**What is being asked:**
Keep the pictures out. Write out every line of the listing exactly.

**Given data:**
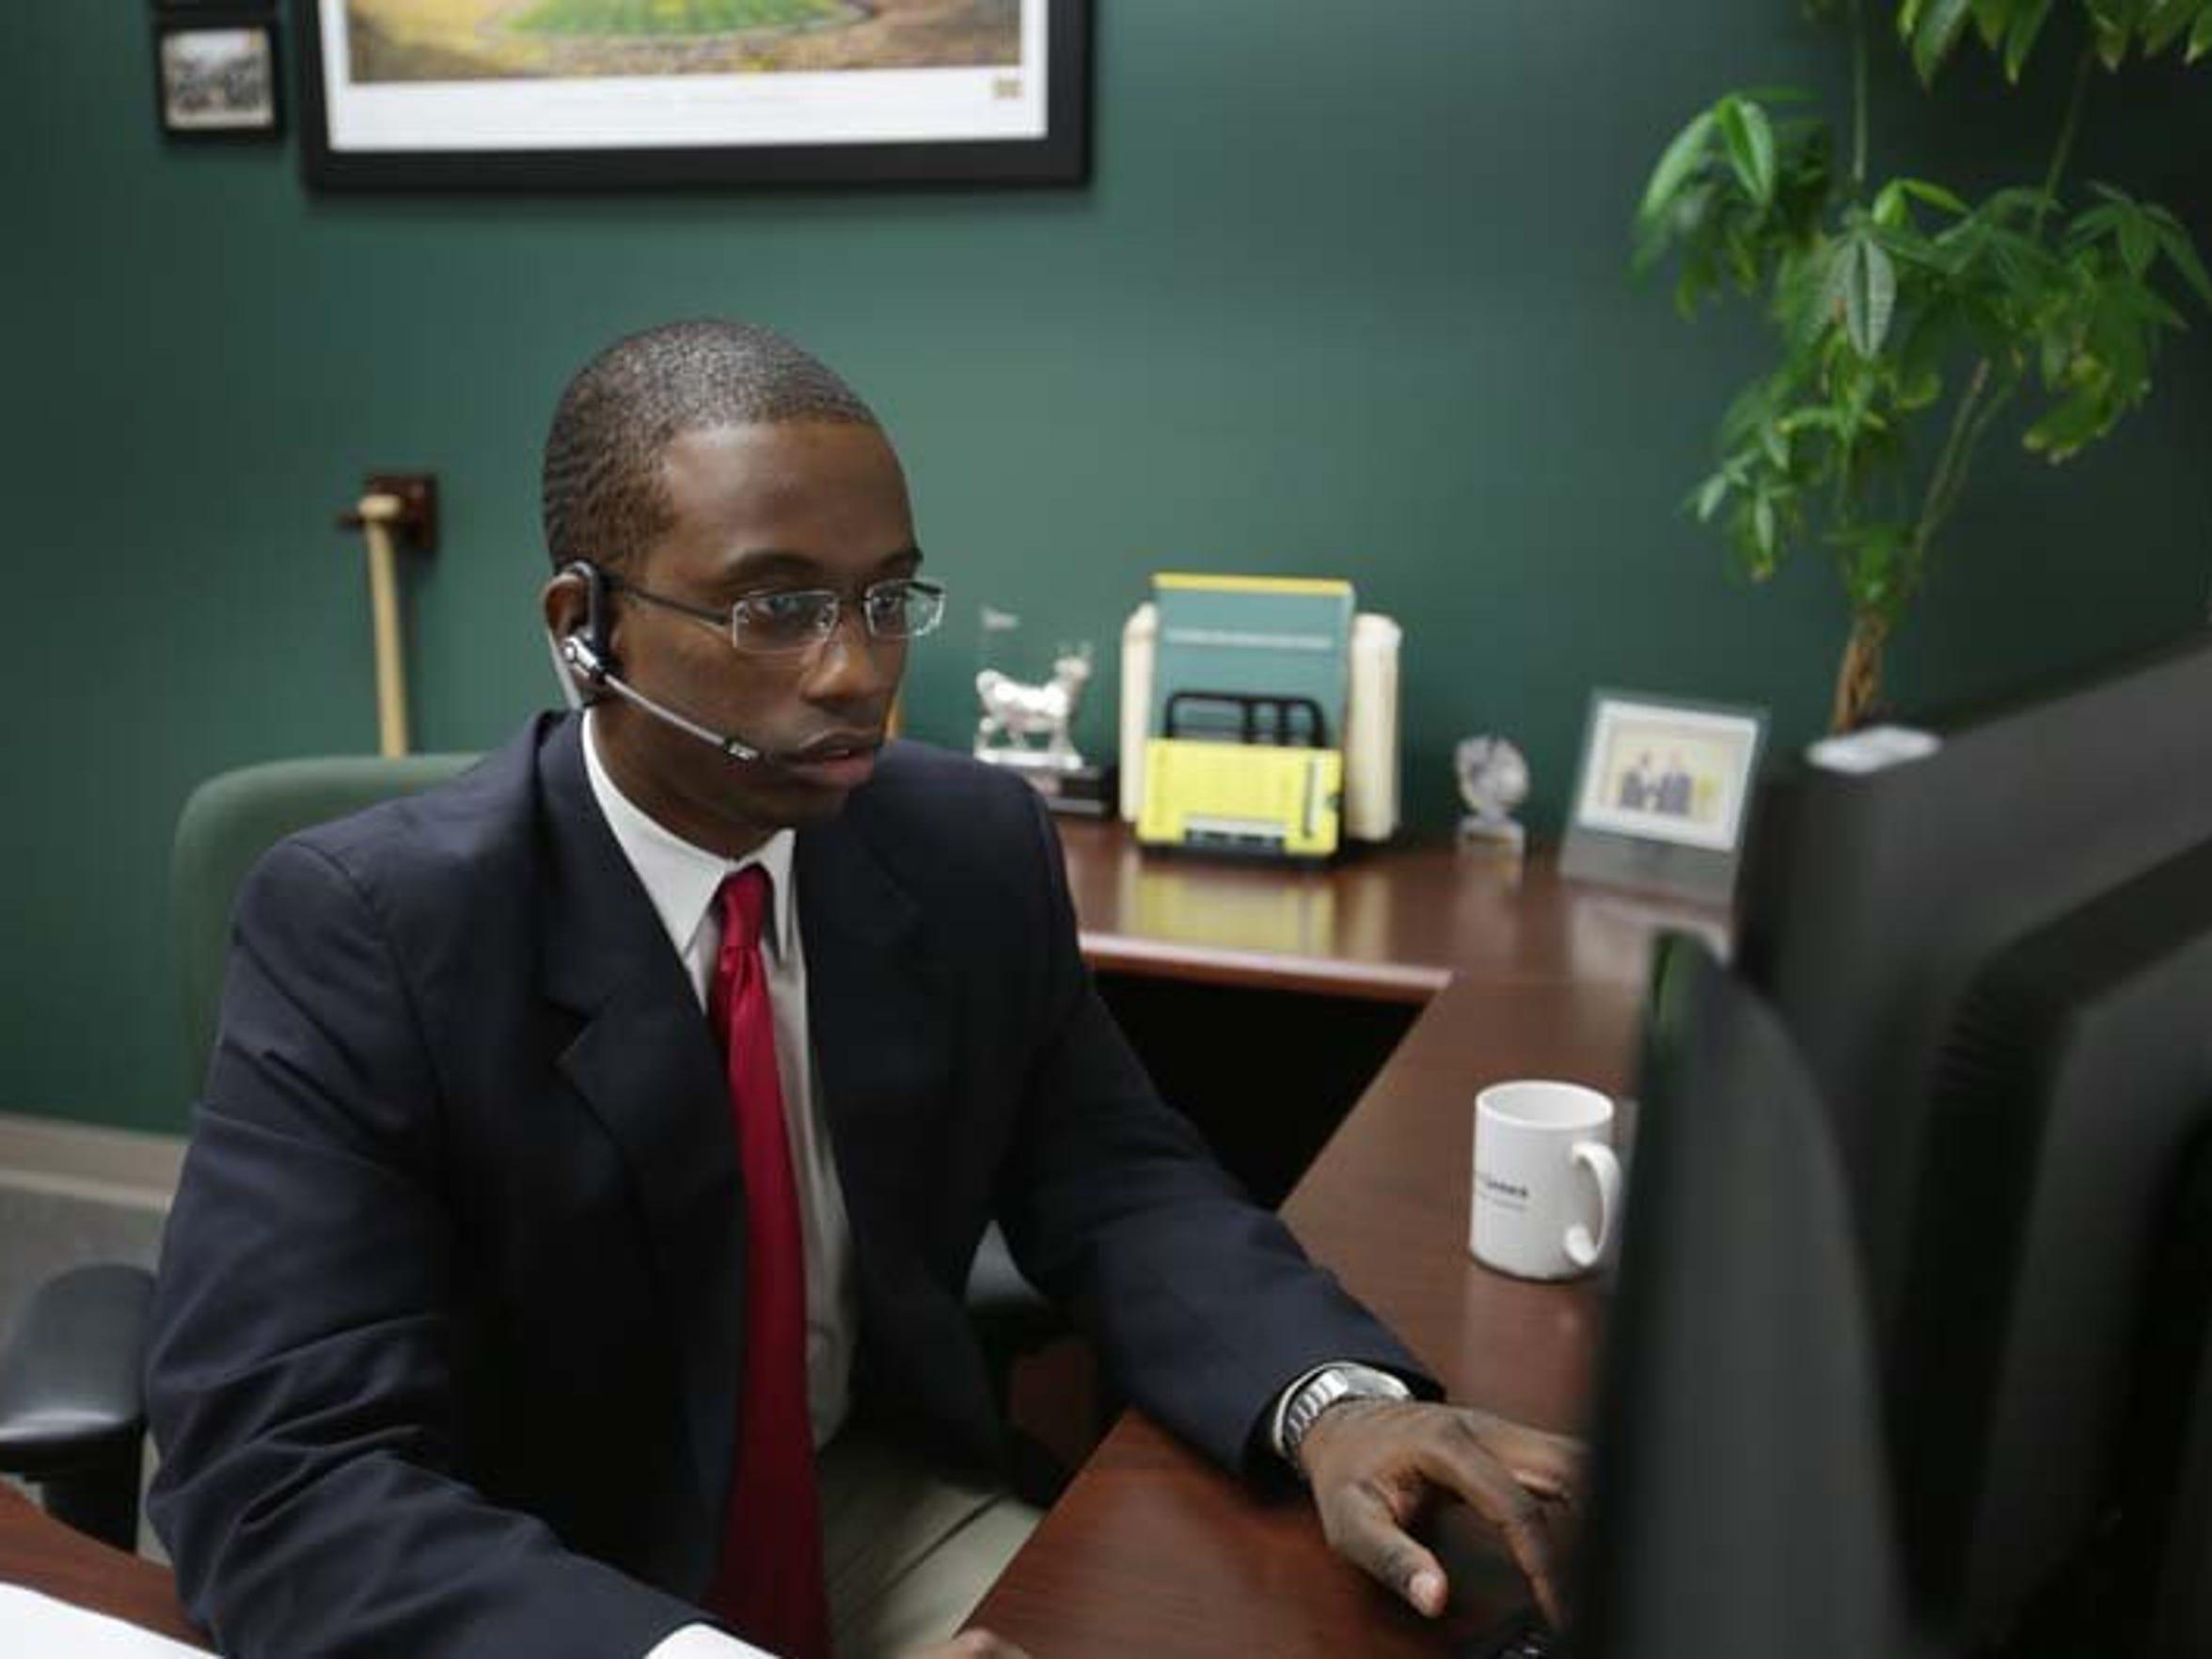 Edward Jones' financial adviser Robynne Henry works
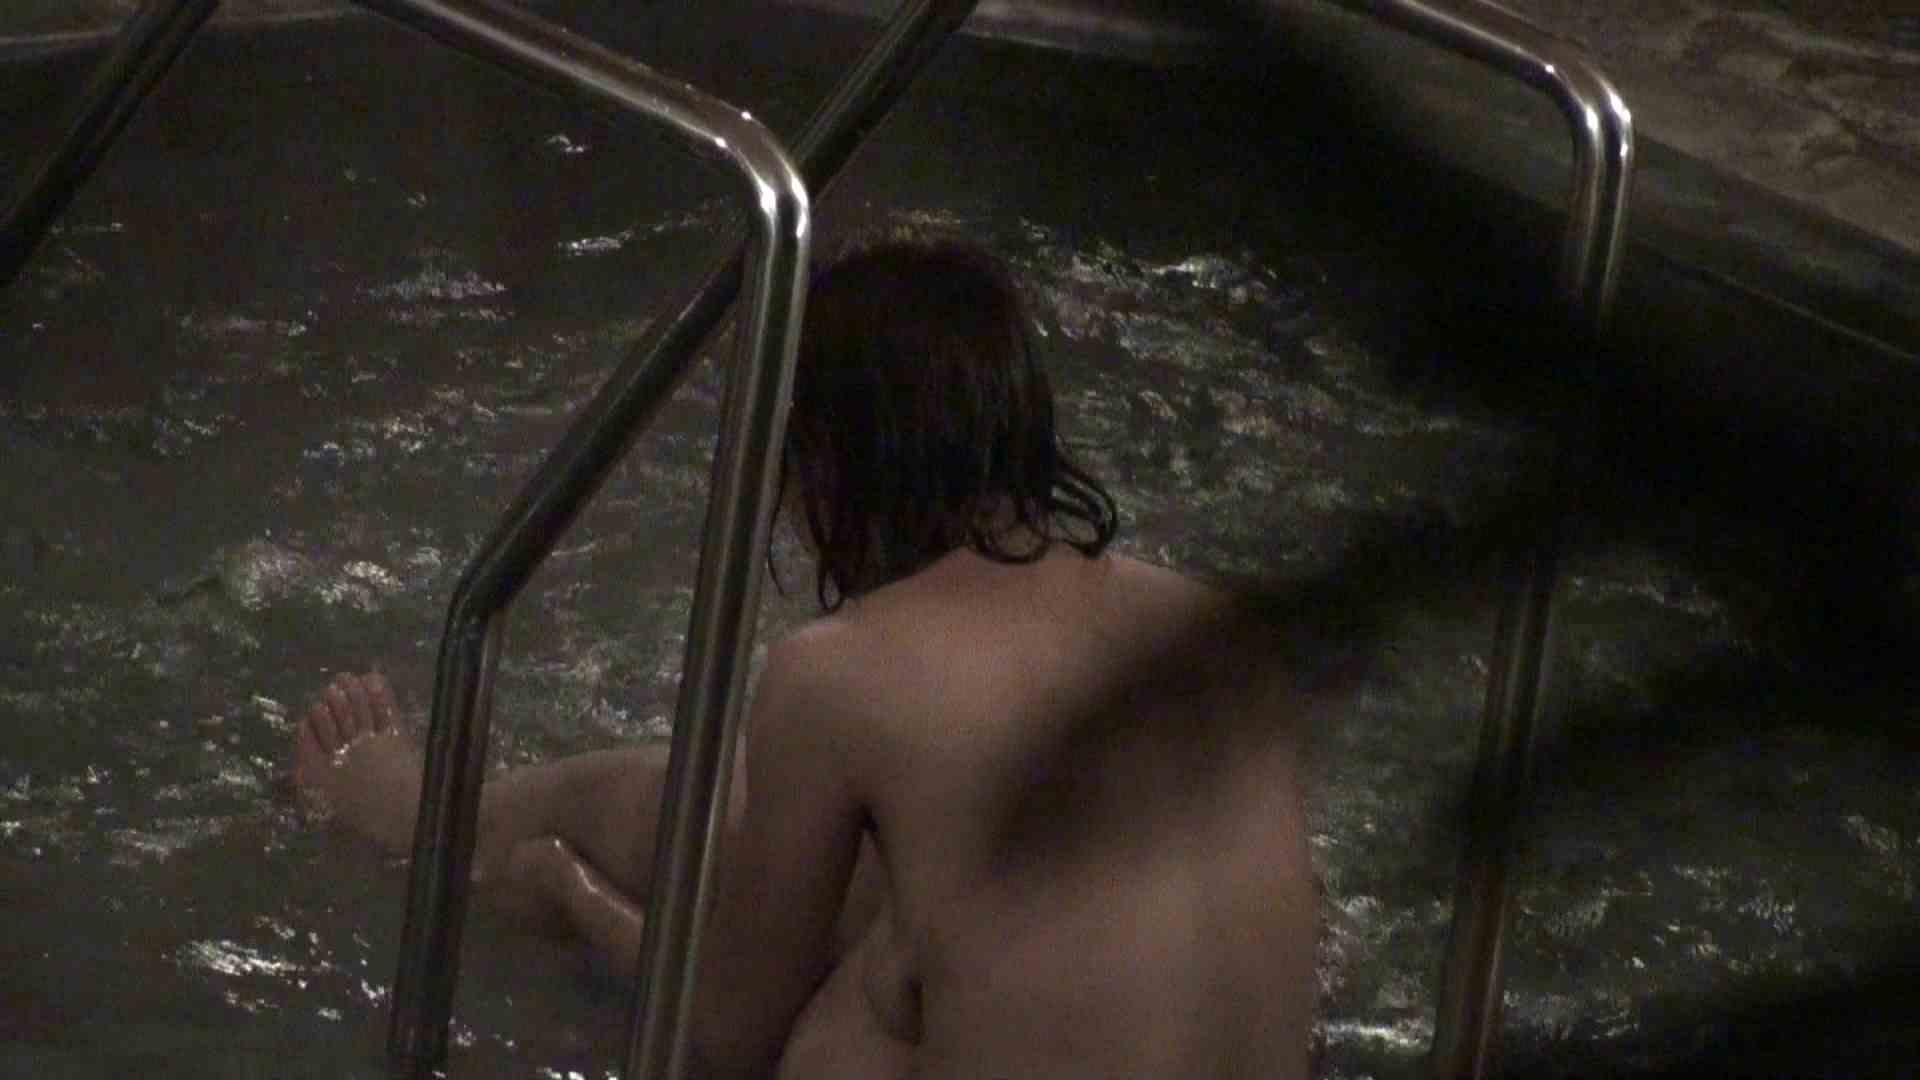 Aquaな露天風呂Vol.392 盗撮 オマンコ無修正動画無料 96画像 53
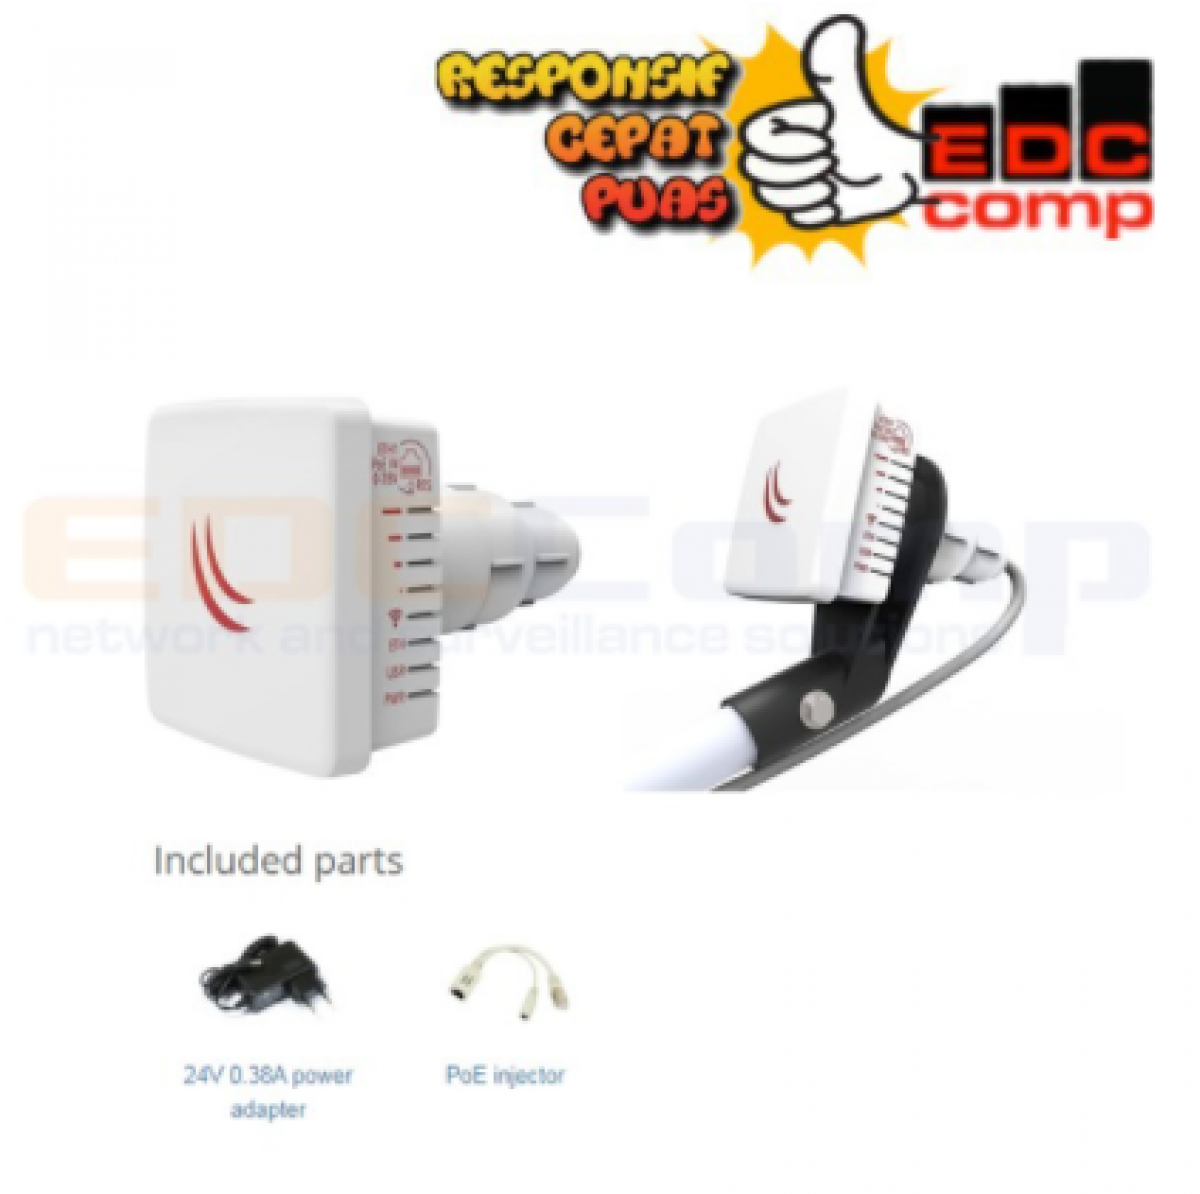 Mikrotik RBLDF-5nD LDF 5ND RBLDF5nD Embedded Wireless - EdcComp

**Reply:**
 Edward Jones' financial adviser Robynne Henry works
 Aquaな露天風呂Vol.392 盗撮 オマンコ無修正動画無料 96画像 53
 Mikrotik RBLDF-5nD LDF 5ND RBLDF5nD Embedded Wireless - EdcComp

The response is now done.